This patch generates a pair of XXSPLTI32DX instructions to load 64-bit
scalar or 128-bit vector constants into the vector registers.
I added a new constraint (eD) for constants that can be loaded with
XXSPLTI32DX, but cannot be loaded with the XXSPLTIDP or XXSPLTIW
instructions.
I added a debug switch (-mxxsplti32dx) to control whether this behavior is
on or off.
gcc/
2021-04-08 Michael Meissner <meissner@linux.ibm.com>
* config/rs6000/contraints.md (eD): New constraint.

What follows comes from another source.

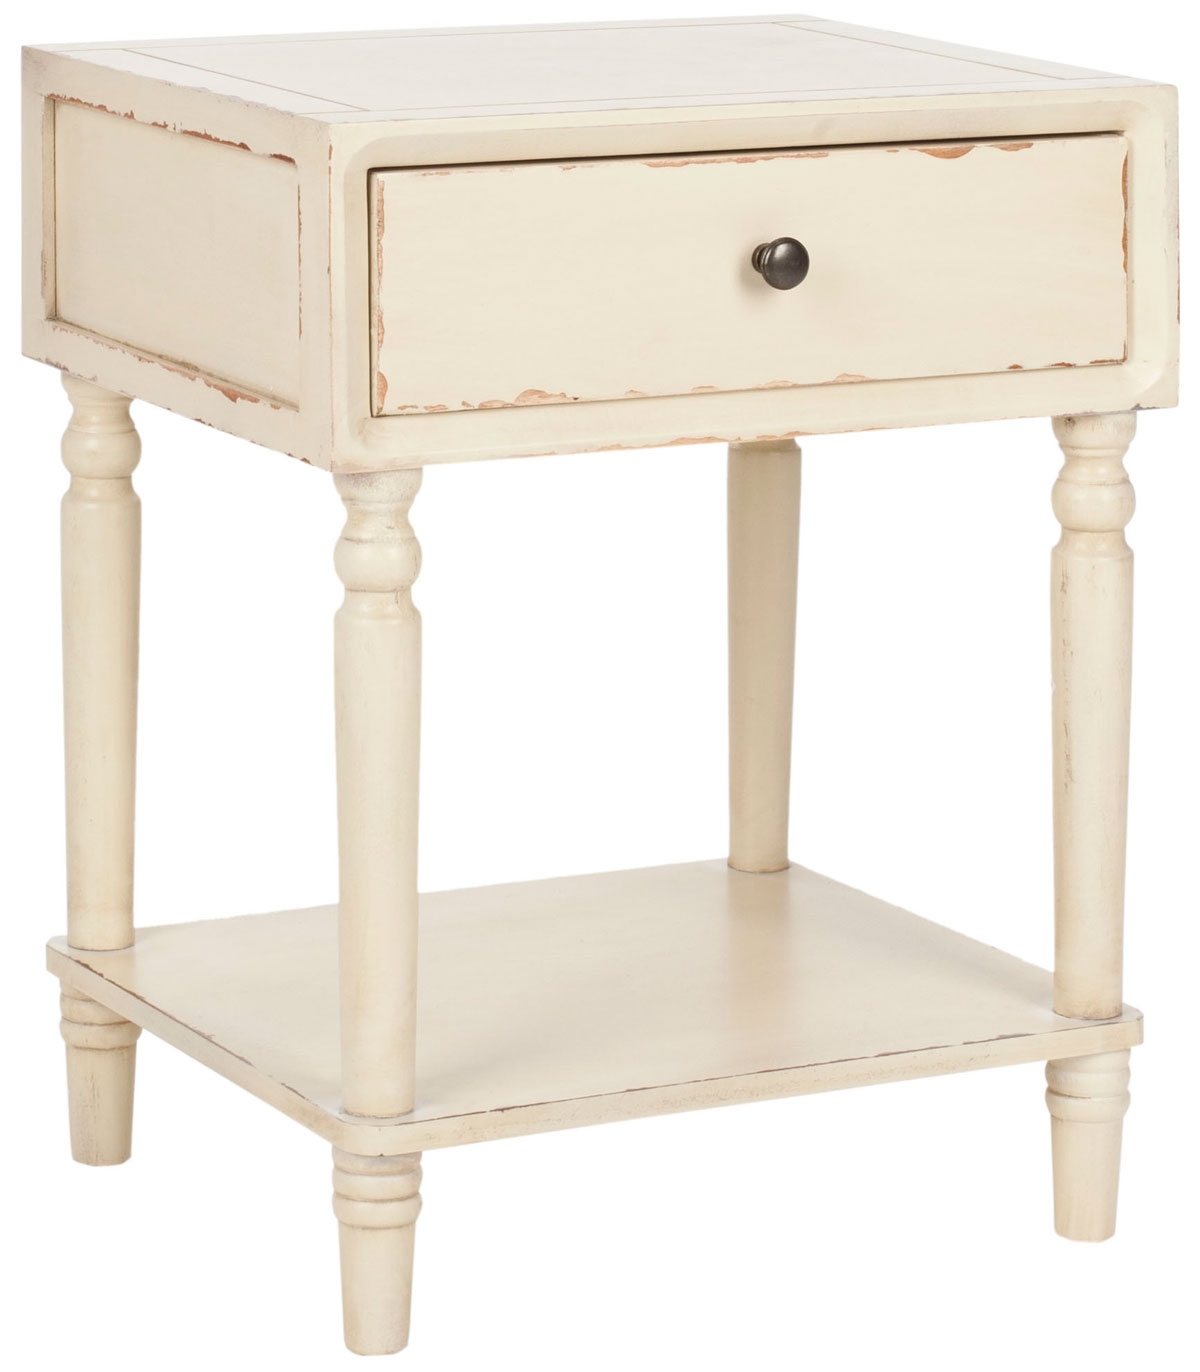 Siobhan Nightstand With Storage Drawer - Vintage Cream - Arlo Home - Image 1

* config/rs6000/predicates.md (easy_fp_constant): If we can load
the constant with a pair of XXSPLTI32DX instructions, it is easy.
(xxsplti32dx_operand): New predicate.
(easy_vector_constant): If we can load the constant with a pair of
XXSPLTI32DX instructions, it is easy.
* config/rs6000/rs6000-cpus.def (OTHER_POWER10_MASKS): Add
-mxxsplti32dx.
(POWERPC_MASKS): Add -mxxsplti32dx.
* config/rs6000/rs6000-protos.h (xxsplti32dx_constant_p): New
declaration.
* config/rs6000/rs6000.c (rs6000_option_override_internal): Add
-mxxsplti32dx support.
(xxsplti32dx_constant_p): New helper function.

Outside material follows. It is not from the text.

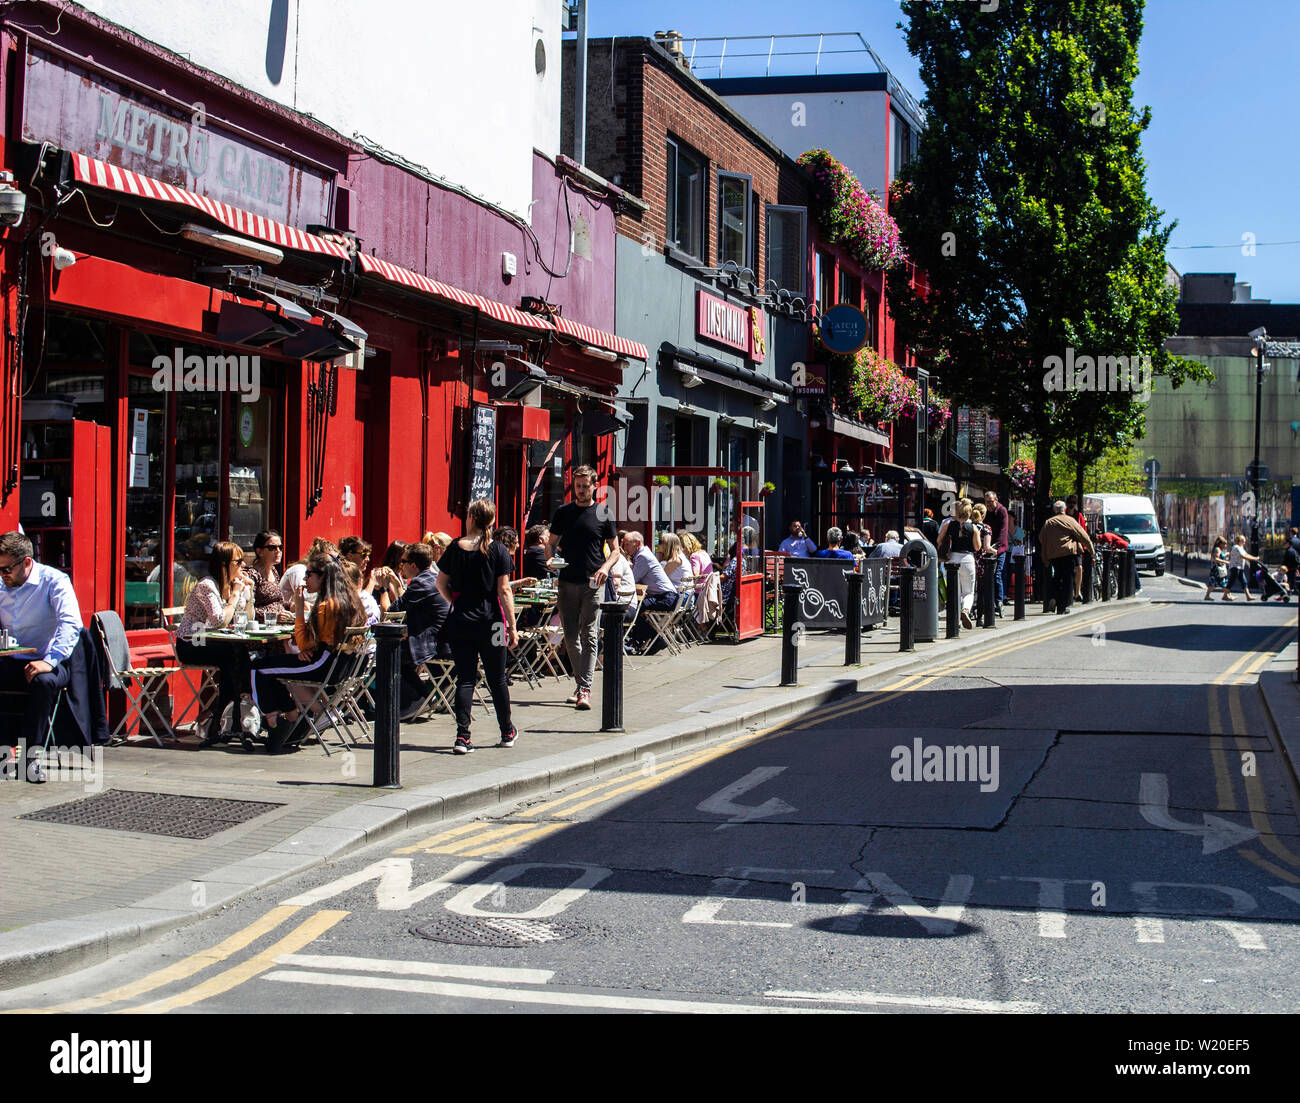 Dubliners enjoying the summer weather dining out in a city street. Stock Photo

(output_vec_const_move): Split constants that need XXSPLTI32DX.
(rs6000_opt_masks): Add -mxxsplti32dx.
* config/rs6000/rs6000.md (movsf_hardfloat): Add support for
loading constants with XXSPLTI32DX.
(mov<mode>_hardfloat32, FMOVE64 iterator): Add support for loading
constants with XXSPLTI32DX.
(mov<mode>_hardfloat64, FMOVE64 iterator): Add support for loading
constants with XXSPLTI32DX.
* config/rs6000/rs6000.opt (-mxxsplti32dx): New switch.
* config/rs6000/vsx.md (UNSPEC_XXSPLTI32DX_CONST): New unspec.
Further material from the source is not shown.